Immunofluorescence staining demonstrated that the bioprinted human parathyroid cells expressed the parathyroid-specific marker calcium-sensing receptor (CaSR) following isolation and bioprinting (Figure 2). CaSR expression was localized to the cell membrane surrounding the nuclei, confirming the preservation of parathyroid-specific phenotypic characteristics and functional identity within the 3D constructs.

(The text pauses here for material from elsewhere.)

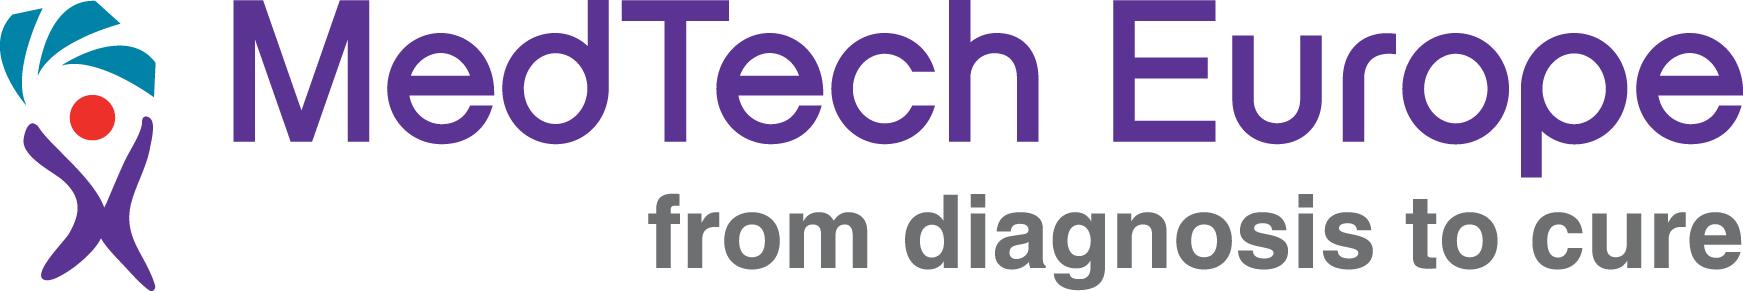 MedTech Europe logo.png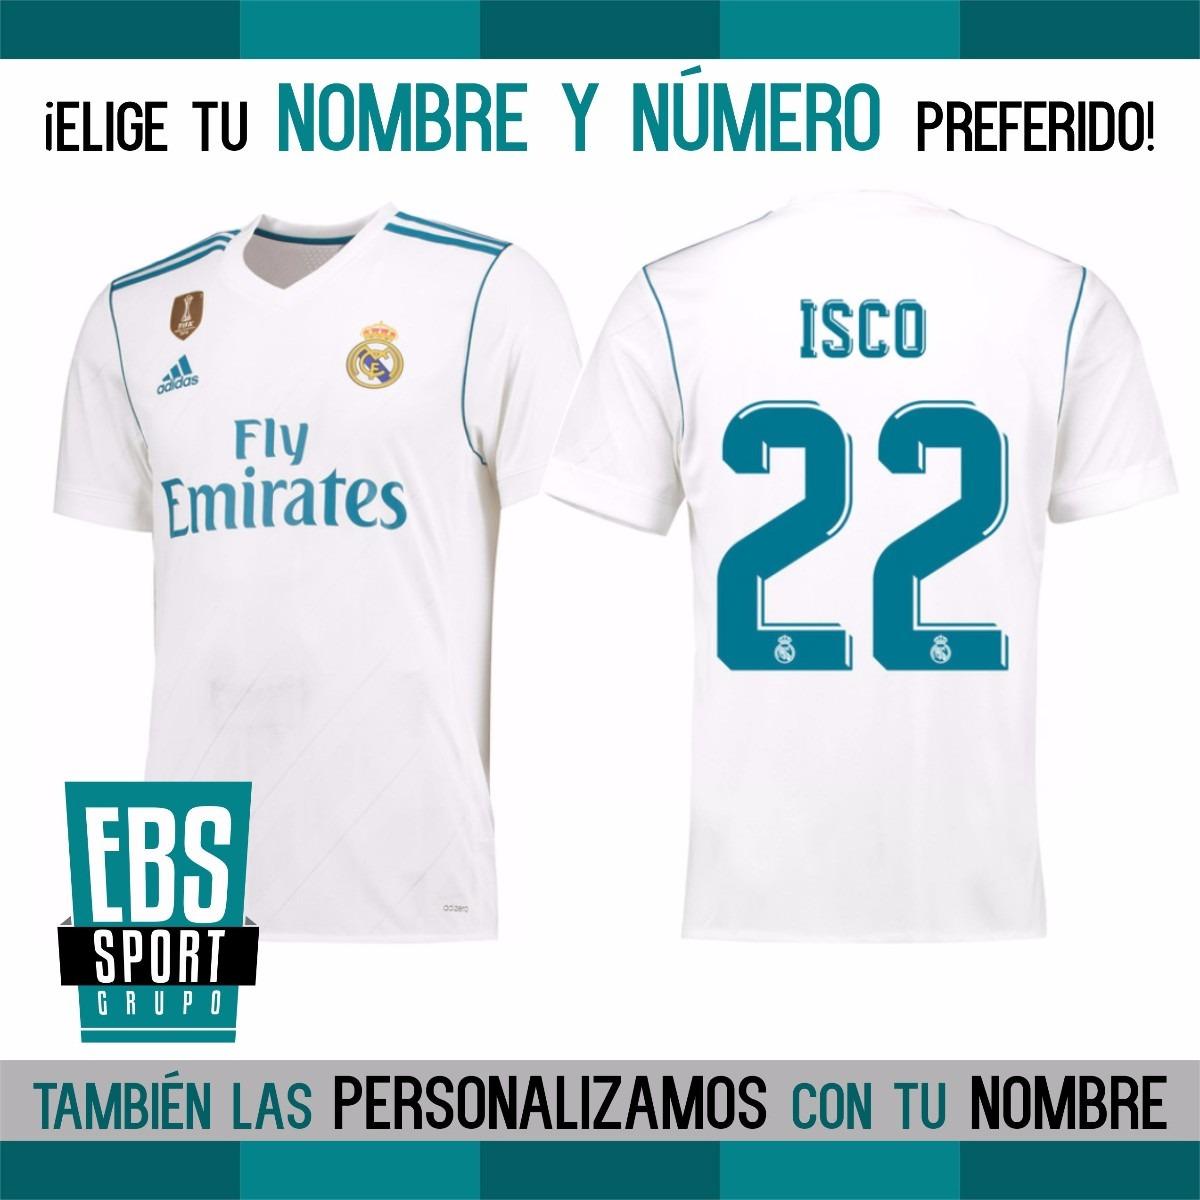 e8f4ab078ce9a camiseta real madrid 2018 adidas personalizada con tu nombre. Cargando zoom.

Cell-laden 3D-bioprinted scaffolds generated from primary human parathyroid cells were implanted subcutaneously into the dorsal flanks of nude mice under sterile conditions. The implanted constructs were explanted at predefined time points (1, 2, and 3 weeks post-implantation). With increasing implantation duration, a gradual increase in necrotic tissue was observed; however, the proportion of PTH-positive cells remained relatively stable during the first three weeks (Figure 4 and Figure 5).
Histological examination at later stages revealed that the scaffold pores were progressively filled with calcified deposits consistent with dystrophic calcification. The original scaffold architecture was largely replaced by dense fibrotic tissue. Within this fibrotic stroma, histiocytes and occasional foreign body-type multinucleated giant cells were observed adjacent to calcified areas, indicating a chronic foreign body reaction and loss of long-term graft viability.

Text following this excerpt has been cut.